Carey went on to add a photo of the two in the studio.
Barker hosted "The Price is Right" for 35 years before retiring in 2007. Since premiering on CBS in 1972, Barker taped 6,482 episodes of the show in which contestants competed by guessing the prices of merchandise to win money and glitzy "showcase" prizes.
The premise requires contestants to bid as close to the actual retail price of the item without going over. Contestants are chosen from the studio audience and are called to "come on down!"
"The Price is Right" continues to be TV's longest-running game show.
Barker, who previously hosted "Truth or Consequences" from 1956 to 1975, won 19 Daytime Emmys as well as the Lifetime Achievement Emmy Award for Daytime Television. His retirement from "The Price is Right" came after celebrating 50 years on television.
He also hosted the Miss Universe and Miss USA pageants from 1967 to 1987 before deciding to part ways with the organization due to their refusal to stop gifting furs as prizes.
Barker became active in animal rights advocacy following the death of his late wife Dorothy Jo in 1981. His DJ&T Foundation, named after her and his mother, Matilda (Tilly), gave financial assistance to organizations that spay and neuter cats and dogs.

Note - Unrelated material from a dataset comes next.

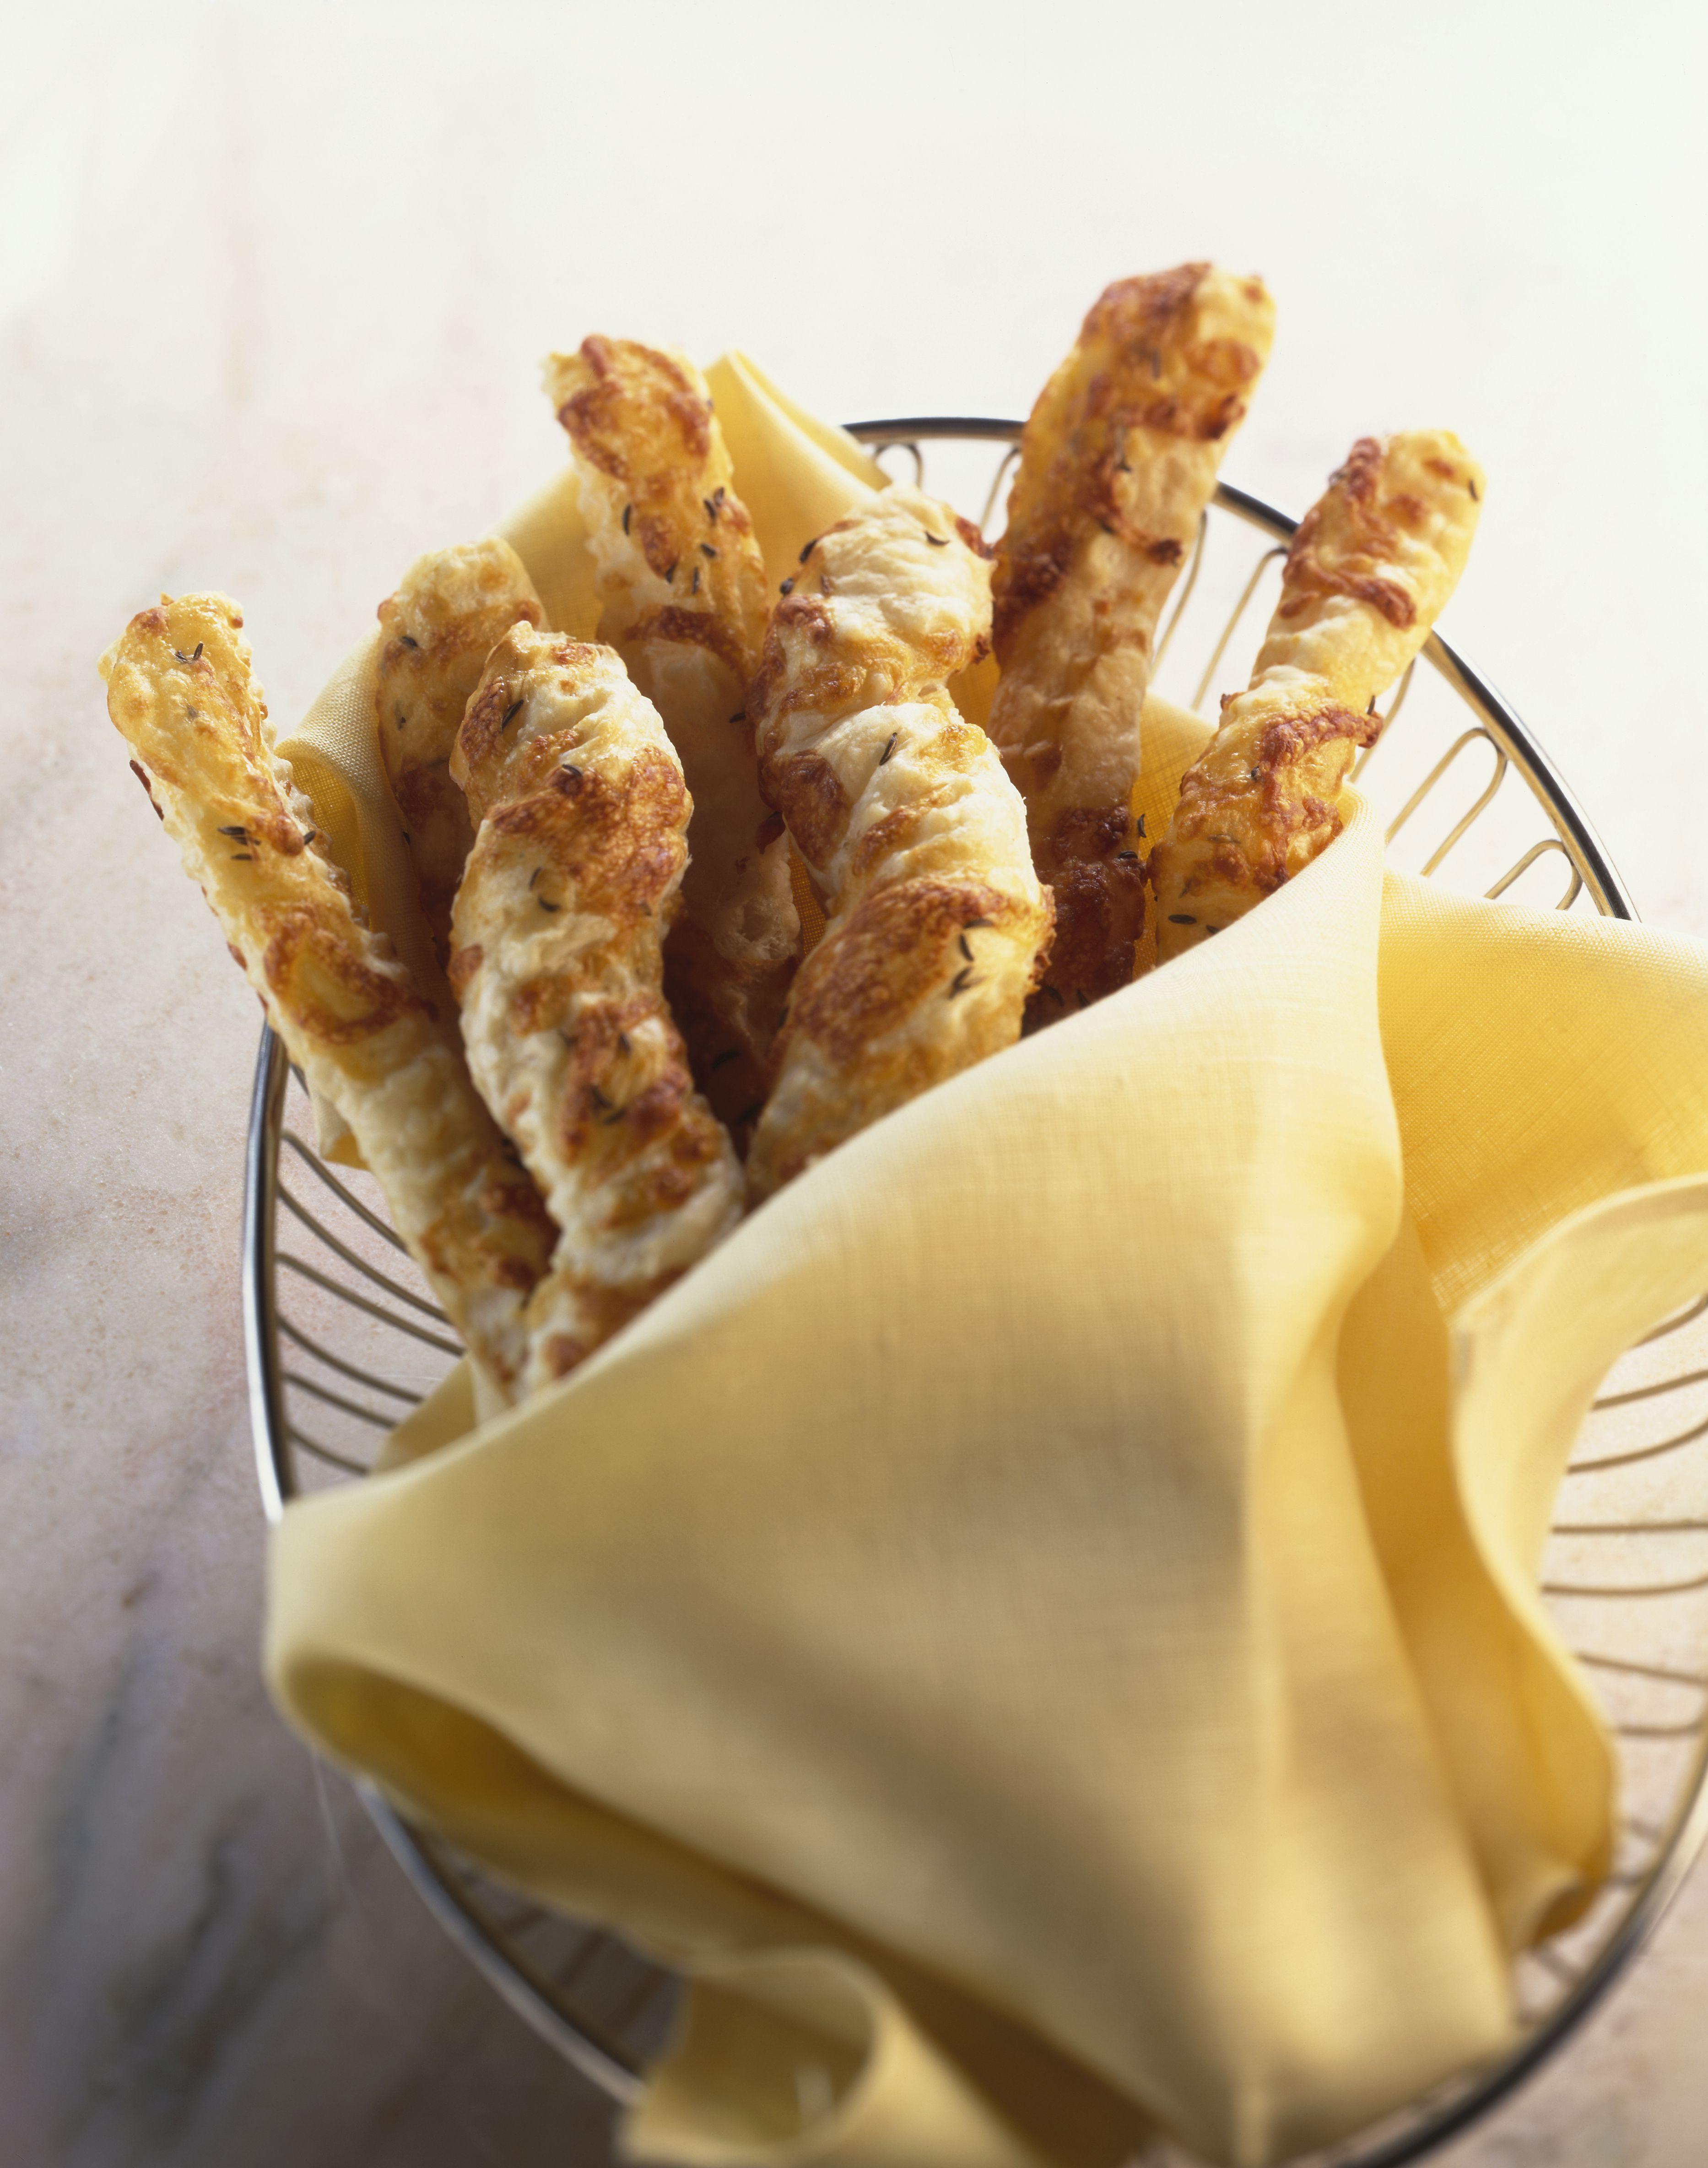 Caraway cheese straws
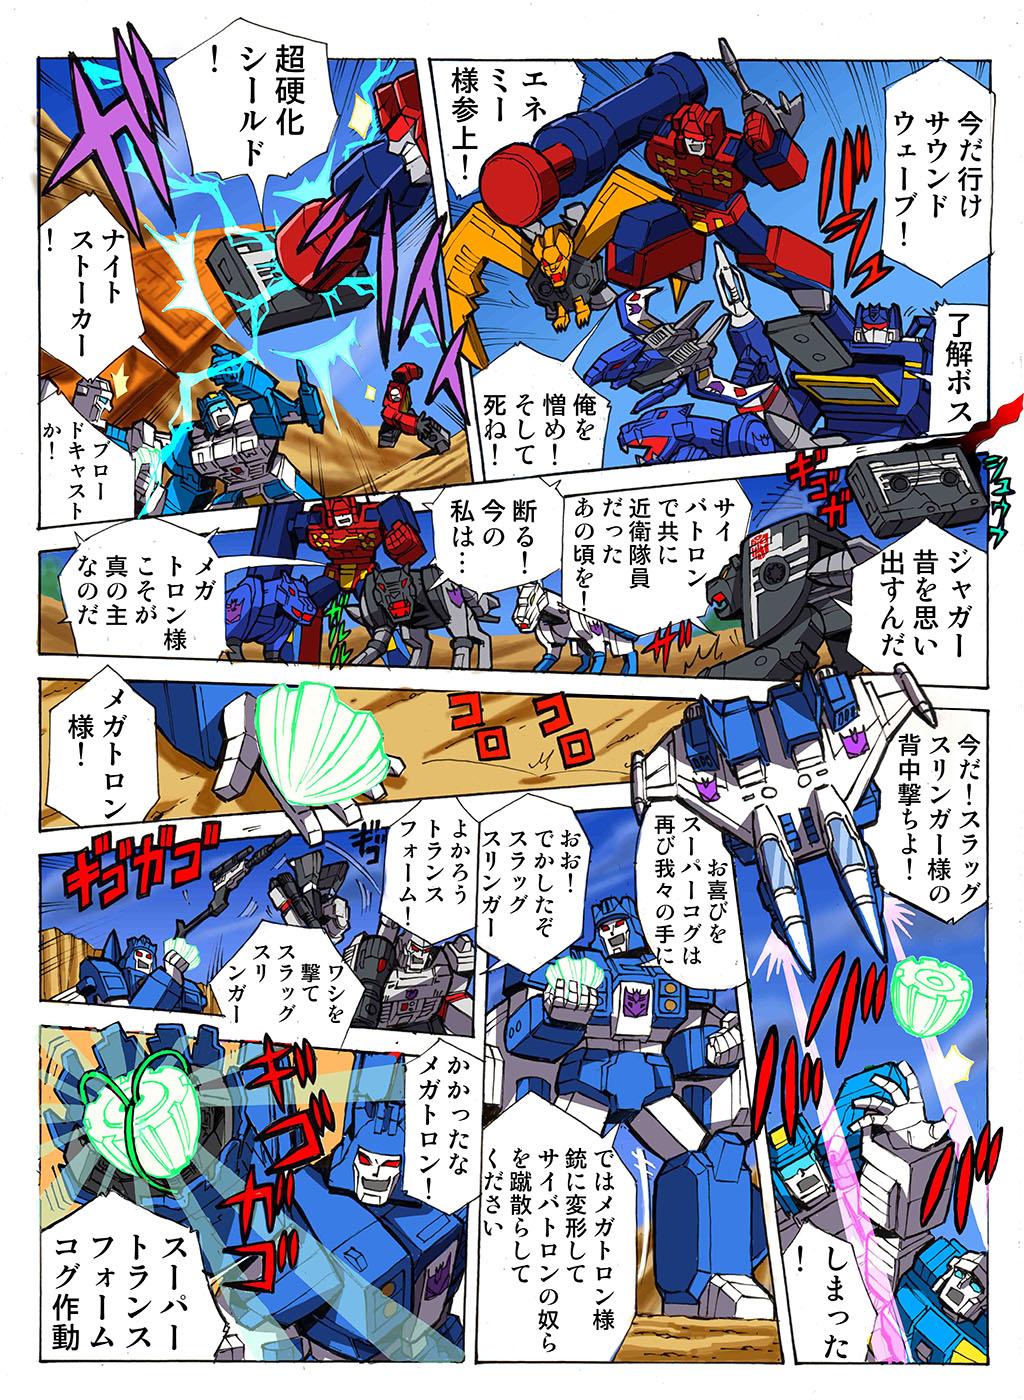 comic web transformers legends takara comics seibertron tfw2005 legedns ep boards energon pub forums

His commitment to protecting animals led to Barker's sign-off at the end of every "Price is Right" episode: "Help control the pet population. Have your pets spayed or neutered."
The legendary host was a vegetarian.
Nancy Burnet, Barker's decades-long girlfriend and co-executor of his estate, spoke about the animal activism work they did together.
“I am so proud of the trailblazing work Barker and I did together to expose the cruelty to animals in the entertainment industry including working to improve the plight of abused and exploited animals in the United States and internationally," Burnet said in a statement. "We were great friends over these 40 yrs. he will be missed.”
In addition to game shows, he appeared as himself on various television series, and in 1996 he made his film debut in the comedy "Happy Gilmore," in which he won the MTV Award for Best Movie Fight opposite Adam Sandler.
Barker was born in Darrington, Washington. He trained as a U.S. Navy fighter pilot during World War II. After graduating with a B.A. in 1947 from Drury College in Missouri, he focused on a career in radio, eventually working at a station in Burbank, California, before breaking into television.
His autobiography, "Priceless Memories," was published in 2009.
Barker is survived by his girlfriend of over 40 years, Nancy Burnet.